You built a boat charter business, a dive shop, or a walking tour. You got on FareHarbor because their sales team was persistent and the pitch sounded clean: no monthly fee, they handle the payment processing. Then the first guest email came in asking why there was a 6% “service fee” on their checkout. Then a second. Then a TripAdvisor review mentioned it.

That fee — currently 6% on most accounts, added directly to the guest’s total — is not a FareHarbor secret. But it erodes conversion and it creates friction you didn’t ask for. Add in concerns about contract lock-in and a support model that gets less responsive once you’re signed, and it’s worth spending an afternoon evaluating fareharbor alternatives before you’re three more seasons in.

This post is a direct, honest comparison. No affiliate links. Prices current as of mid-2026.


Why Operators Start Looking for FareHarbor Alternatives

FareHarbor’s model isn’t bad for every operator. If you’re new, have zero budget, and need to get live fast, the zero-monthly-fee structure is genuinely useful. But problems accumulate:

If any of those hit home, read on.


The Fee Models You Need to Understand First

Before comparing platforms, get clear on how the money actually moves. There are three common structures:

  1. Consumer-pays model — The guest sees a service fee added to their checkout. FareHarbor does this (typically 6%). The operator pays nothing per booking, but the guest pays more than your advertised price.
  2. Operator-pays model — You pay a percentage or flat fee per booking. The guest sees your clean price. Most alternatives use this or give you a choice.
  3. SaaS + processing — A flat monthly fee plus standard credit card processing rates (typically 2.9% + $0.30). You control the checkout experience entirely.

For island and Caribbean operators where guests are comparing prices across multiple excursion sites, showing a clean checkout price matters. A $150 snorkel trip that shows $159 at checkout loses bookings to the competitor who shows $150 flat.


FareHarbor Alternatives: Head-to-Head Comparison

Peek Pro

Pricing: Peek Pro charges operators approximately 2% per booking, which you can pass to guests or absorb. No monthly fee on standard plans. Their “Peek Protect” cancellation insurance upsell is optional.
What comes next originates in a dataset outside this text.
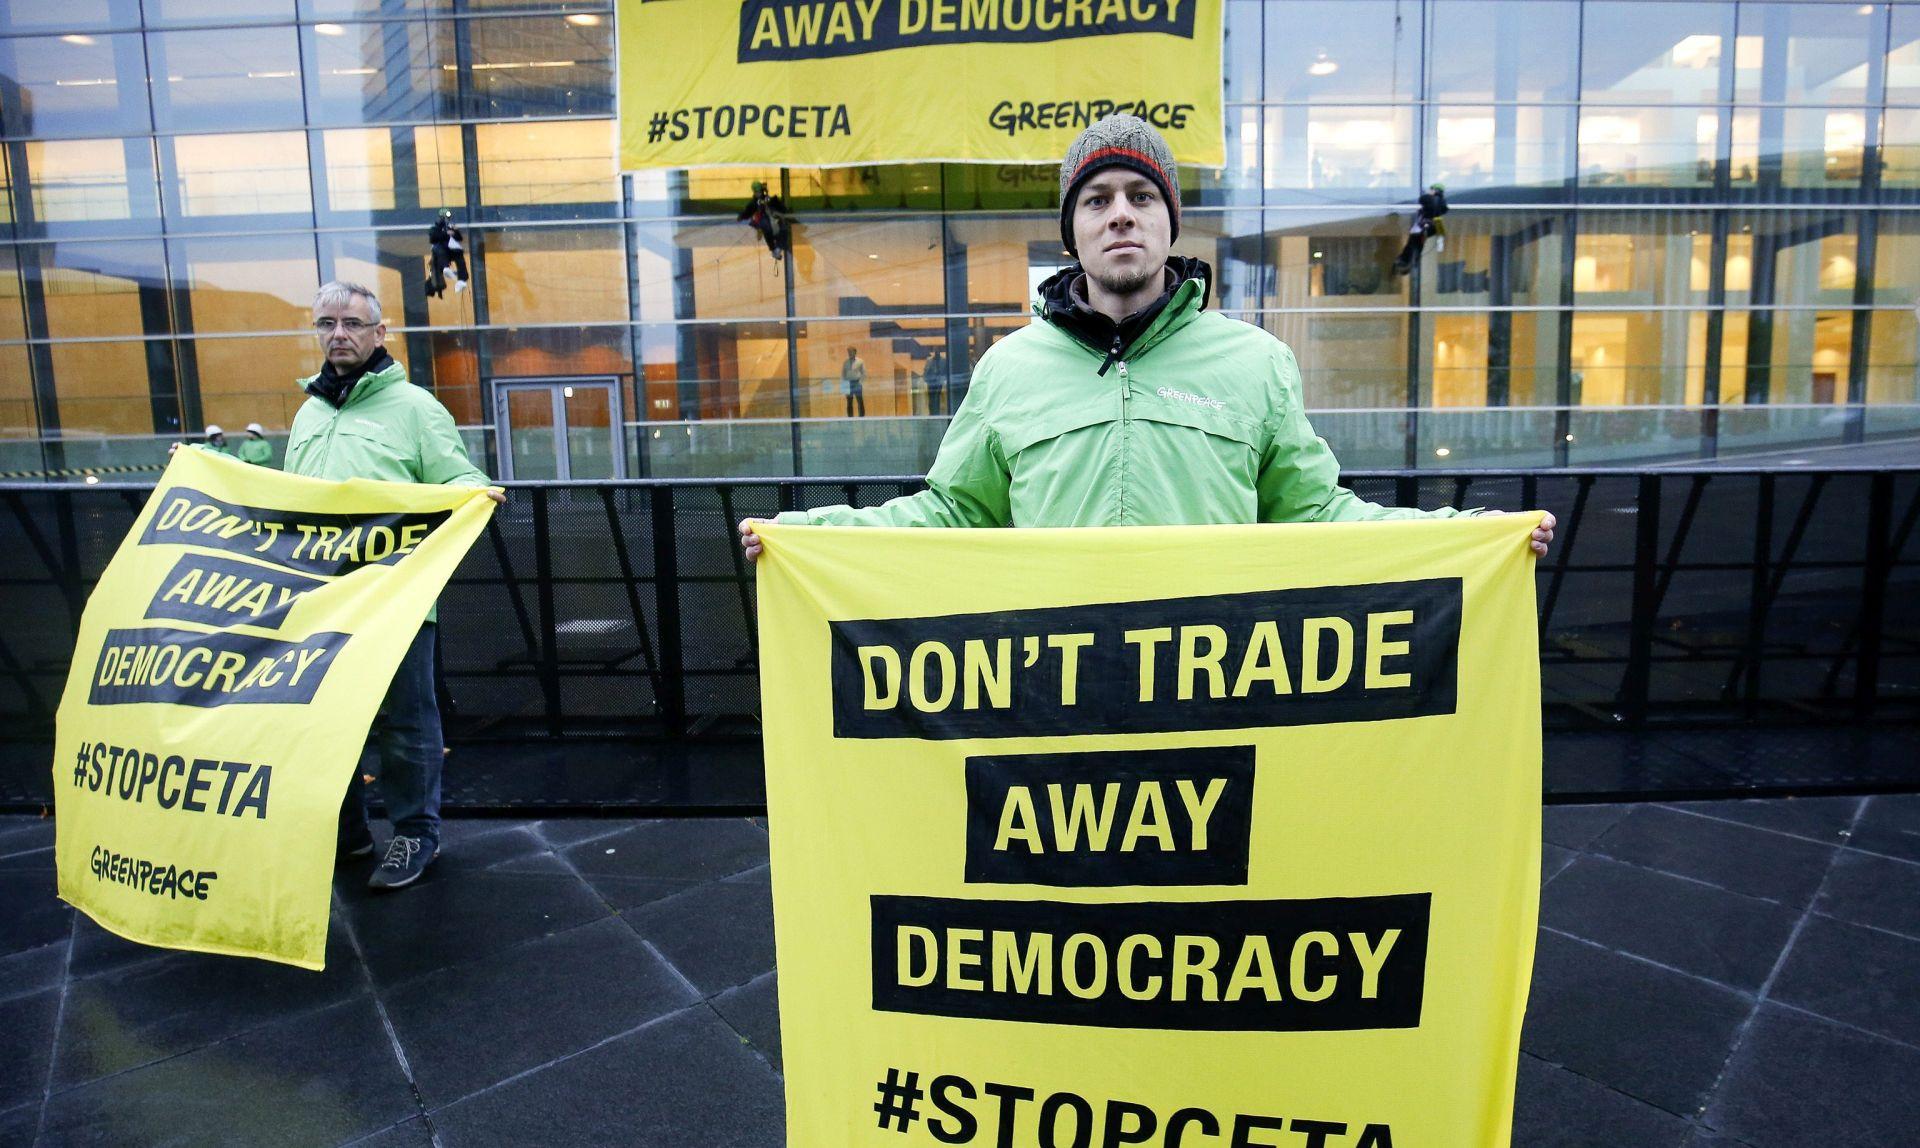 CETA: EU dao ultimatum Belgiji

Best for: High-volume operators who want a polished checkout experience and strong mobile booking. Peek’s booking widget is genuinely better-looking than FareHarbor’s out of the box.

OTA connections: Viator, GetYourGuide, and Expedia integrations are available but channel management is not as deep as Bókun.

Waivers: Built-in digital waivers included.

Support: Generally well-reviewed for responsiveness among small operators.

Watch out for: Peek is venture-backed and has changed pricing tiers before. Confirm current rates directly at peek.com.


Checkfront

Pricing: Monthly SaaS model starting around $99/month (Soho plan), scaling to $299/month (Pro). No per-booking percentage fee beyond standard payment processing. This is a significant structural difference — you know your cost every month.

Best for: Operators who want predictable costs and don’t mind paying upfront. Also strong for multi-activity businesses with complex scheduling needs (e.g., dive shops running morning and afternoon boats plus equipment rentals).

OTA connections: Viator and GetYourGuide connections exist but are not as seamless as Bókun. Better suited for operators whose primary bookings come direct.

Waivers: Available as an add-on.

Support: Ticket-based support with solid documentation. Not 24/7.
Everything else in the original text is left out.